35.3.3 The rx Structured Regexp Notation

As an alternative to the string-based syntax, Emacs provides the structured rx notation based on Lisp S-expressions. This notation is usually easier to read, write and maintain than regexp strings, and can be indented and commented freely. It requires a conversion into string form since that is what regexp functions expect, but that conversion typically takes place during byte-compilation rather than when the Lisp code using the regexp is run.

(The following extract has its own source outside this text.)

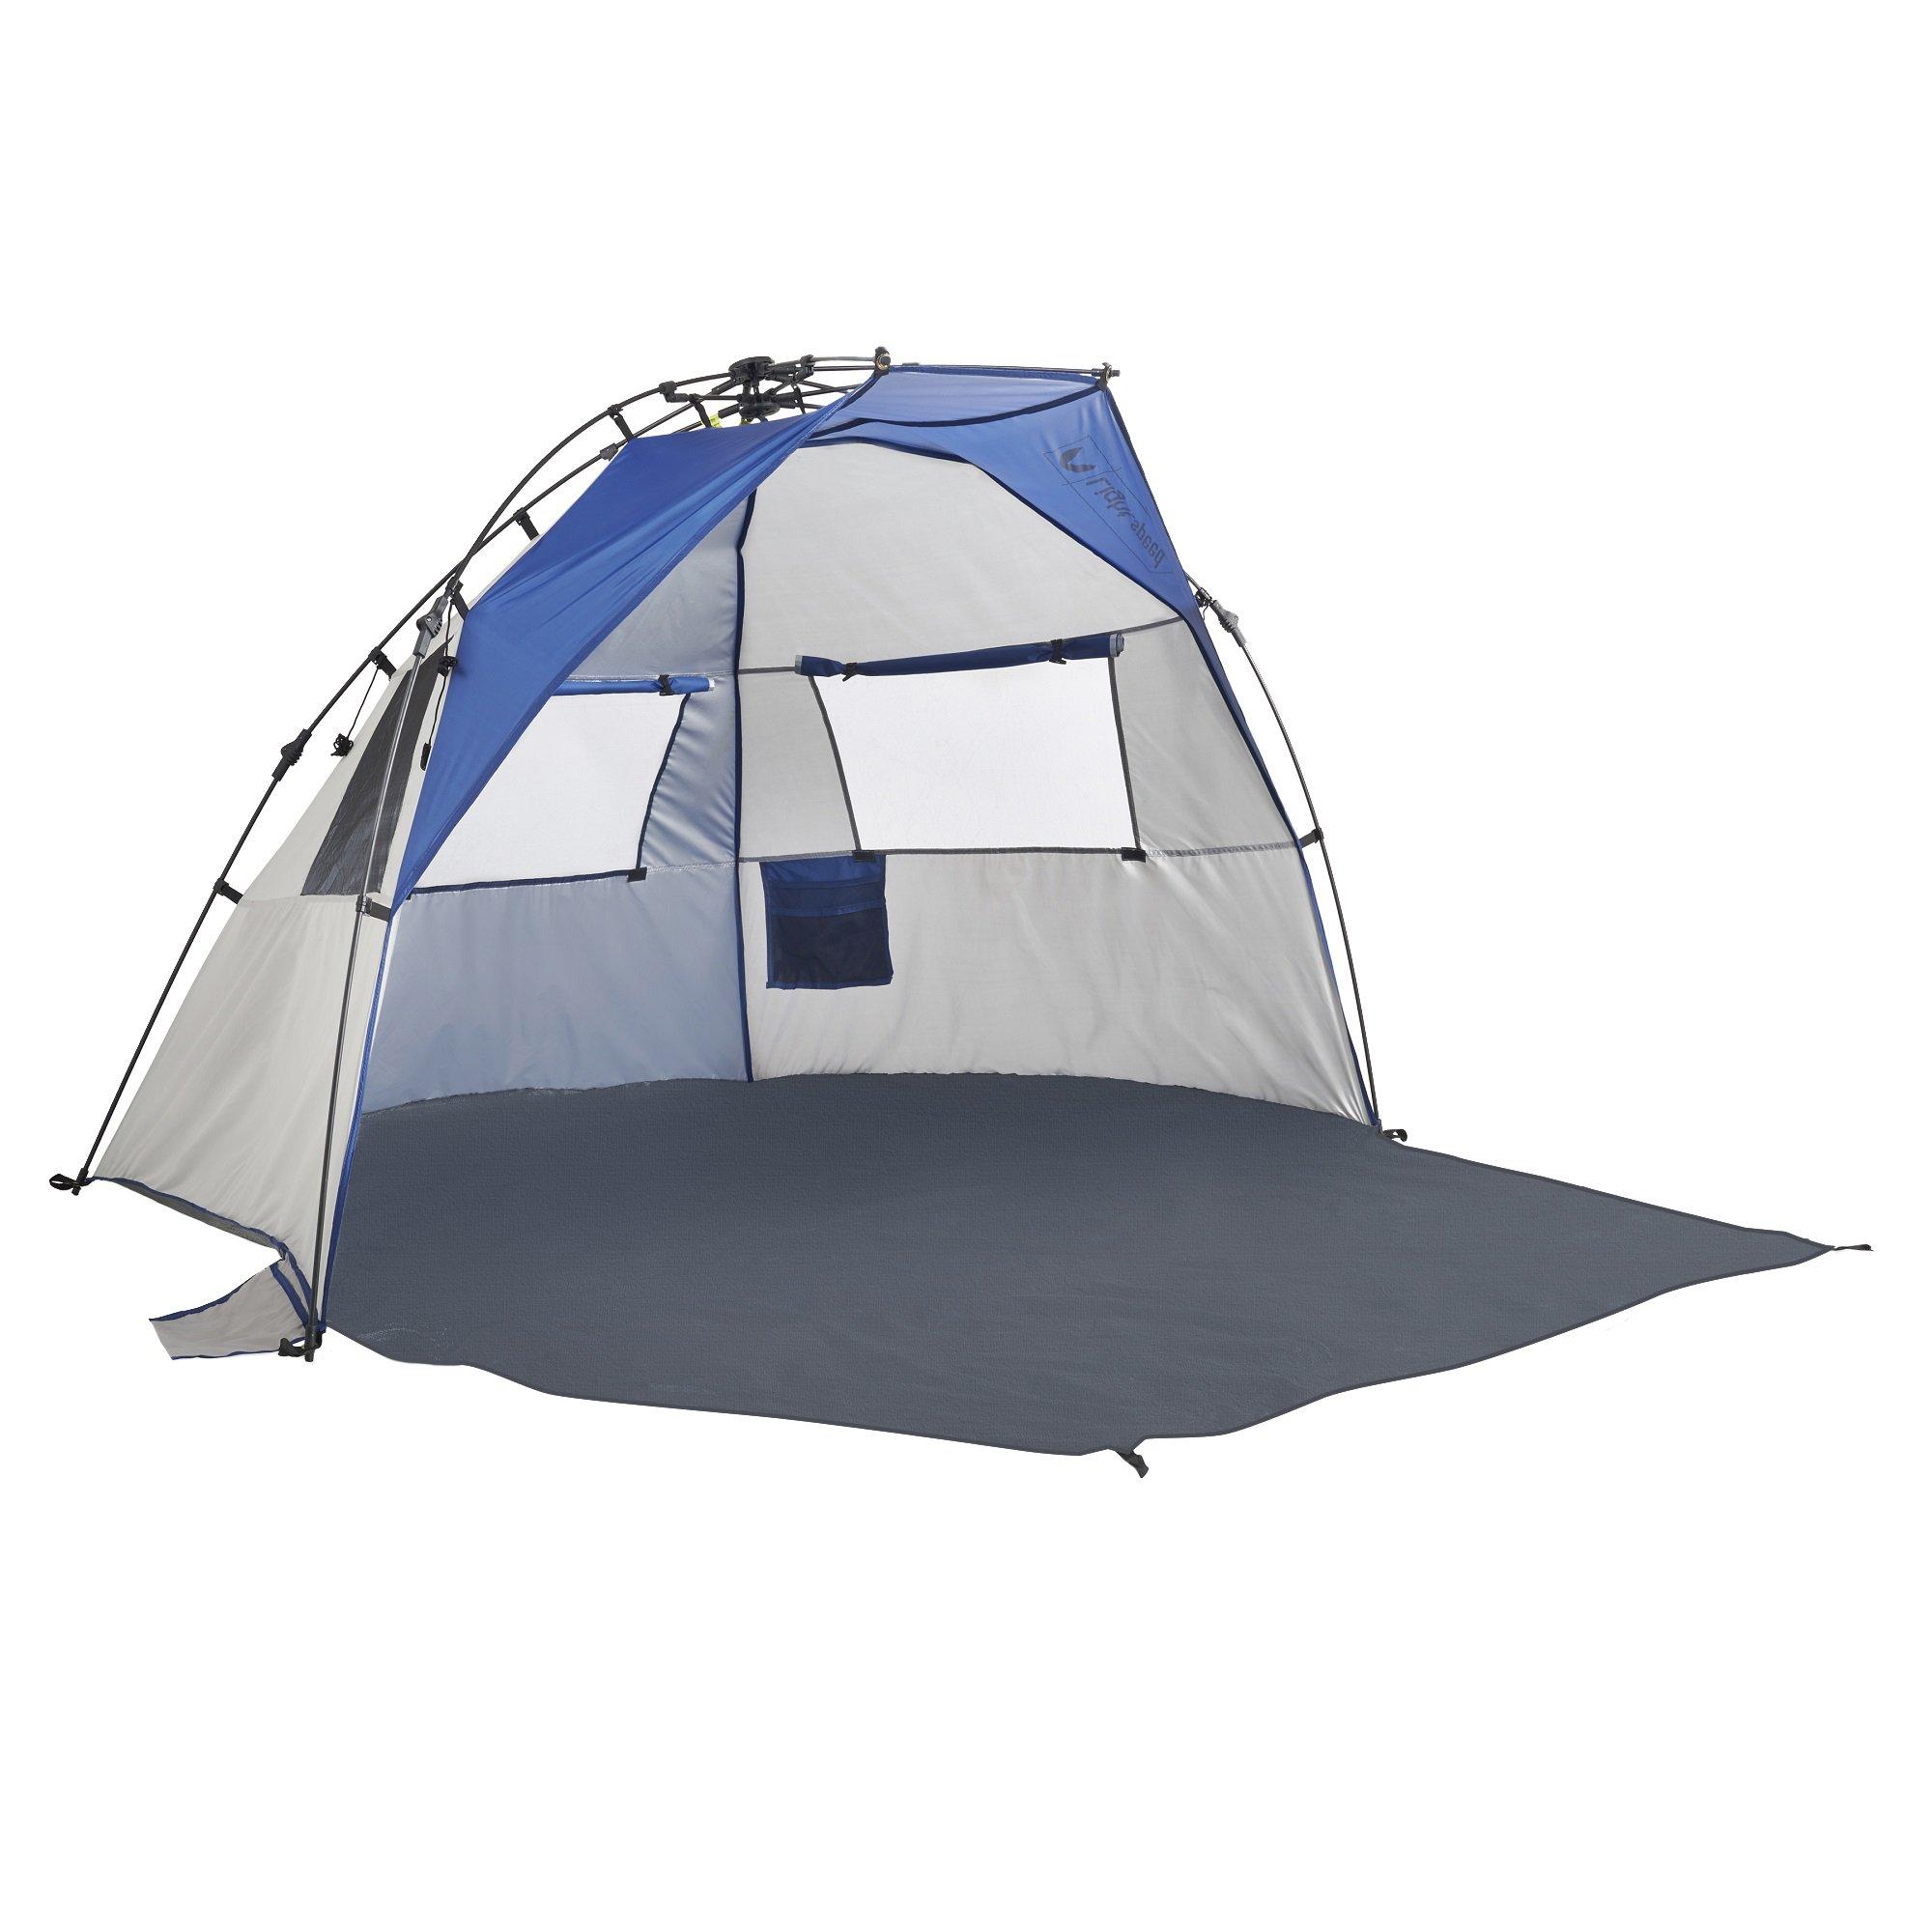 info for efff4 ca5bf Details about Lightspeed Outdoors Quick Cabana Beach Tent Sun Shelter Blue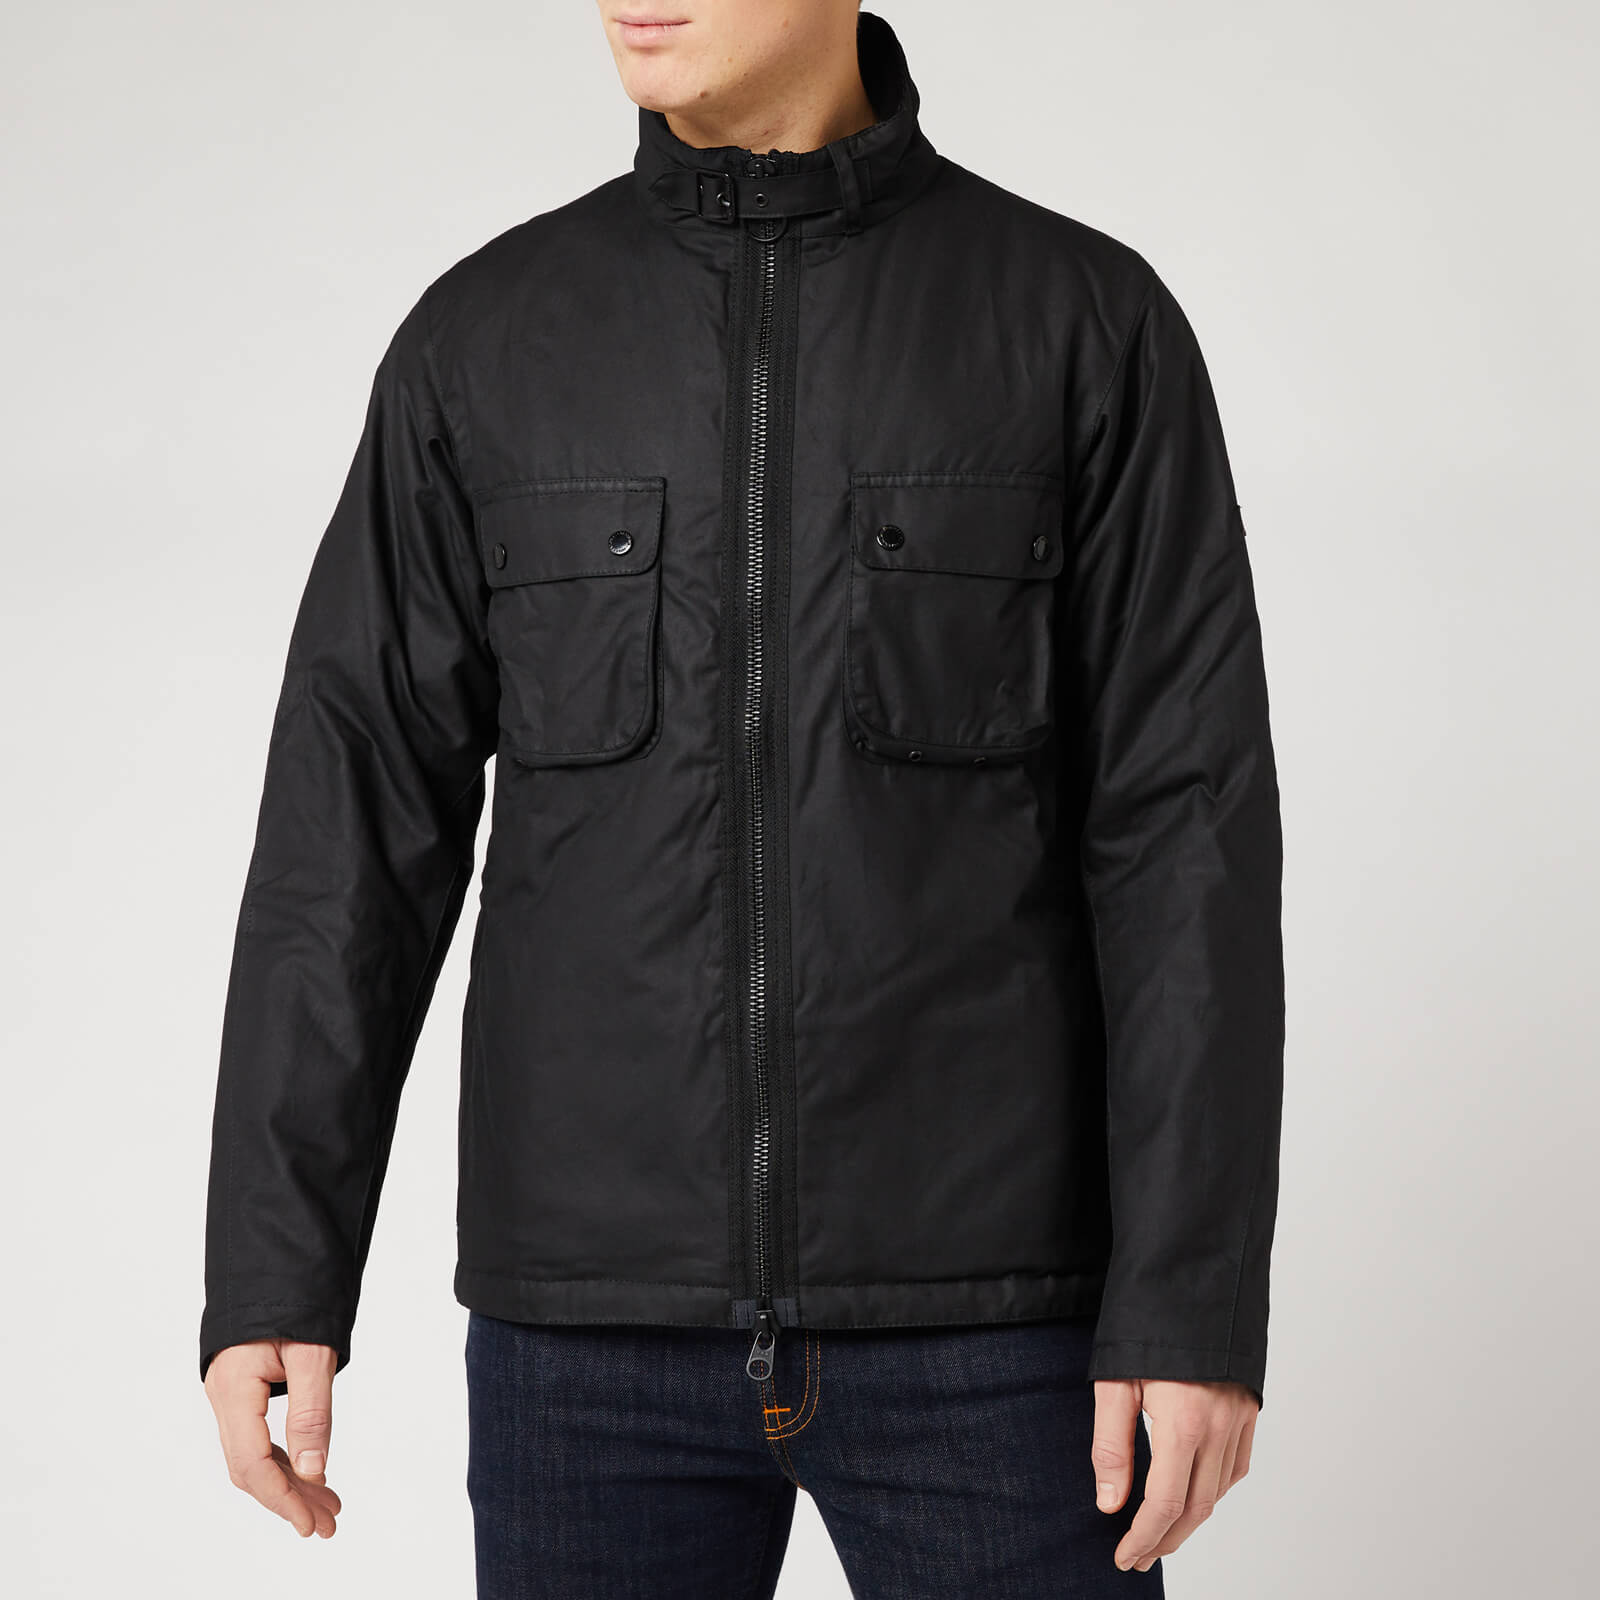 Barbour International Men's Tennant Wax Jacket - Black - S

Here is an rx regexp29 that matches a block comment in the C programming language:

(rx "/*"                            ; Initial /*
    (zero-or-more
     (or (not "*")                  ;  Either non-*,
         (seq (one-or-more "*")     ;  or some * followed by
              (not (or "*" "/"))))) ;     neither * nor /
    (one-or-more "*")               ; At least one star,
    "/")                            ; and the final /

or, using shorter synonyms and written more compactly,

(rx "/*"
    (* (| (not "*")
          (: (+ "*") (not (in "*/")))))
    (+ "*") "/")

In conventional string syntax, it would be written

"/\\*\\(?:[^*]\\|\\*+[^*/]\\)*\\*+/"

The rx notation is mainly useful in Lisp code; it cannot be used in most interactive situations where a regexp is requested, such as when running query-replace-regexp or in variable customization.


Footnotes

(29)

It could be written much simpler with non-greedy operators (how?), but that would make the example less interesting.